Exercise directions: Go through the lines below and copy any that hold the string "Women".

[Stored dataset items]
=== Begin Enclosure ===

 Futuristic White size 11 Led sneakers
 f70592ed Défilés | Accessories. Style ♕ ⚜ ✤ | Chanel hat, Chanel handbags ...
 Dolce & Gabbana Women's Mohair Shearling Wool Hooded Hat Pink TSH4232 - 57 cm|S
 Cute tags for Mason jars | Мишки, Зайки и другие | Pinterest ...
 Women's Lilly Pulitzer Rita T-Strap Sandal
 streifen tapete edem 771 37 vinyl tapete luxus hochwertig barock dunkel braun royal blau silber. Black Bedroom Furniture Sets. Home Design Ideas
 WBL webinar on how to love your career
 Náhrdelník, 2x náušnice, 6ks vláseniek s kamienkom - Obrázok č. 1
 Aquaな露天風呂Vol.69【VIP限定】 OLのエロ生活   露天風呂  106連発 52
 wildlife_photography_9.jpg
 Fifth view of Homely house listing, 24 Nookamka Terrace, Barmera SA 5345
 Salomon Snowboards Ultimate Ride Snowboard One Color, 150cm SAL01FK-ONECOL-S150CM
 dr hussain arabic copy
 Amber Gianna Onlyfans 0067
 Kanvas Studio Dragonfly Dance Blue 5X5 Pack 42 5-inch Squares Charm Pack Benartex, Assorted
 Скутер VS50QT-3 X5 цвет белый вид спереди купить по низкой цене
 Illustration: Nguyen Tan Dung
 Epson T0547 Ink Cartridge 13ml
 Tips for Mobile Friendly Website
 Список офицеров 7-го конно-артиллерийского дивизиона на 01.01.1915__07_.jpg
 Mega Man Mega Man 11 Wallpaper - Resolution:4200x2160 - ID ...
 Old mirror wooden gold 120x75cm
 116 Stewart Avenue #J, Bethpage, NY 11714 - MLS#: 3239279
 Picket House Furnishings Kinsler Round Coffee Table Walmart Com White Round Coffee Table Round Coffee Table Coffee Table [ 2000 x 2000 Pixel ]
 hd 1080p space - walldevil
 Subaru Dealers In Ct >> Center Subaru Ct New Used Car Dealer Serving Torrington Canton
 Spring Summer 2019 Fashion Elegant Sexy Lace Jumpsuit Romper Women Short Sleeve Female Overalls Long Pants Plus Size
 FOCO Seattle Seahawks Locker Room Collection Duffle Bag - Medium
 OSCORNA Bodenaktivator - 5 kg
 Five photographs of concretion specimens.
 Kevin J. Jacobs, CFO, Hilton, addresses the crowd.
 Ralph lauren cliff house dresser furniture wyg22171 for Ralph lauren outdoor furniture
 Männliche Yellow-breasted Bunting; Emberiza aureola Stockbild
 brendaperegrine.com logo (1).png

=== End Enclosure ===

Task answer:
 Dolce & Gabbana Women's Mohair Shearling Wool Hooded Hat Pink TSH4232 - 57 cm|S
 Women's Lilly Pulitzer Rita T-Strap Sandal
 Spring Summer 2019 Fashion Elegant Sexy Lace Jumpsuit Romper Women Short Sleeve Female Overalls Long Pants Plus Size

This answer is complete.